他无所谓地睨着眼,“说这些做什么?去,给我打盆水来,再把我的衣裳拿来。”

吃完洗了脸,她就替他剃胡子,弯着腰有些不便,他就拉她在腿上坐,一面说:“姑娘让我去哨探姜辛的行踪,她怀疑姜辛此刻根本不在回泰兴的路上,应当早就回了泰兴县。”

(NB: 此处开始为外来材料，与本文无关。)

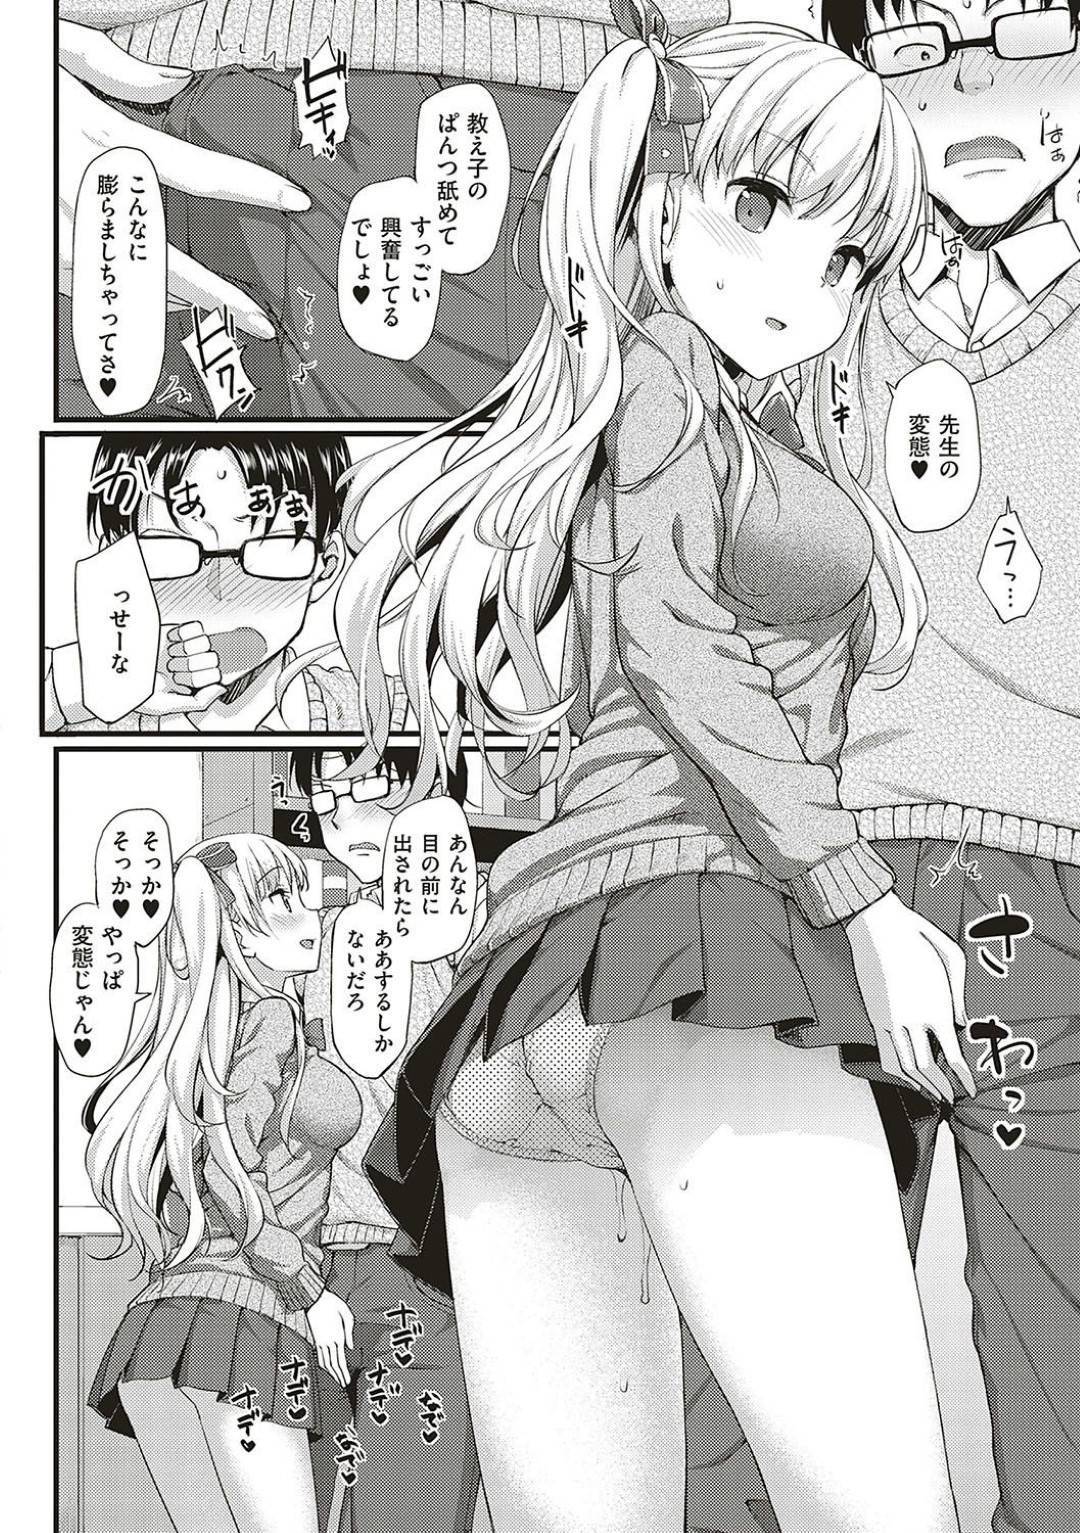 【エロ漫画】鈍感なJKはスカートを捲ると先生の顔にパンツを押し付けると、興奮した先生と中出しセックス【たかやKi】

林掌柜握着剃刀顿住手,“可先时姜辛来信,分明说他要在山西等冶铁场的事了结才能回来,算一算,就算他插上翅膀一时半刻也飞不回泰兴县啊。”

“兴许当初他信上说的是假话,姜俞生一死,他怎能不疑心?就算他不为自己的儿子,也得想想,他家里接二连三地死人,到底是冲谁。”

“你是说,他偷偷潜回泰兴,暗中访查?”

迟骋握住她的手,接着往自己脸上刮,“他大概查到了郑晨头上,以为是郑晨为了报占田之仇入赘姜家。不过他没想到,螳螂捕蝉,黄雀在后。”

林掌柜瘪着嘴一笑,“这丫头,亏她想得到这些。”是说西屏,此刻想起来也不得不叹服,“真是想不到,从前在船上的时候,我看她就不怎么爱说话,没想到打小就是个机灵鬼。”

她口气中有些母亲似的自豪,同样也怀着母亲似的哀愁,“其实她就此跟了姚二爷去,也蛮好,年纪轻轻的姑娘家,放得下仇怨,将来还有路可走。我也做过娘的,要真是我的女儿,我倒想不如算了。”

迟骋反问:“你能就这样算了么?”

她笑了笑,眼睛里逐渐凝起一股恨意,“我不一样,我都是这把年纪的人了,将来怎么样不要紧,反正也没几十年好活。”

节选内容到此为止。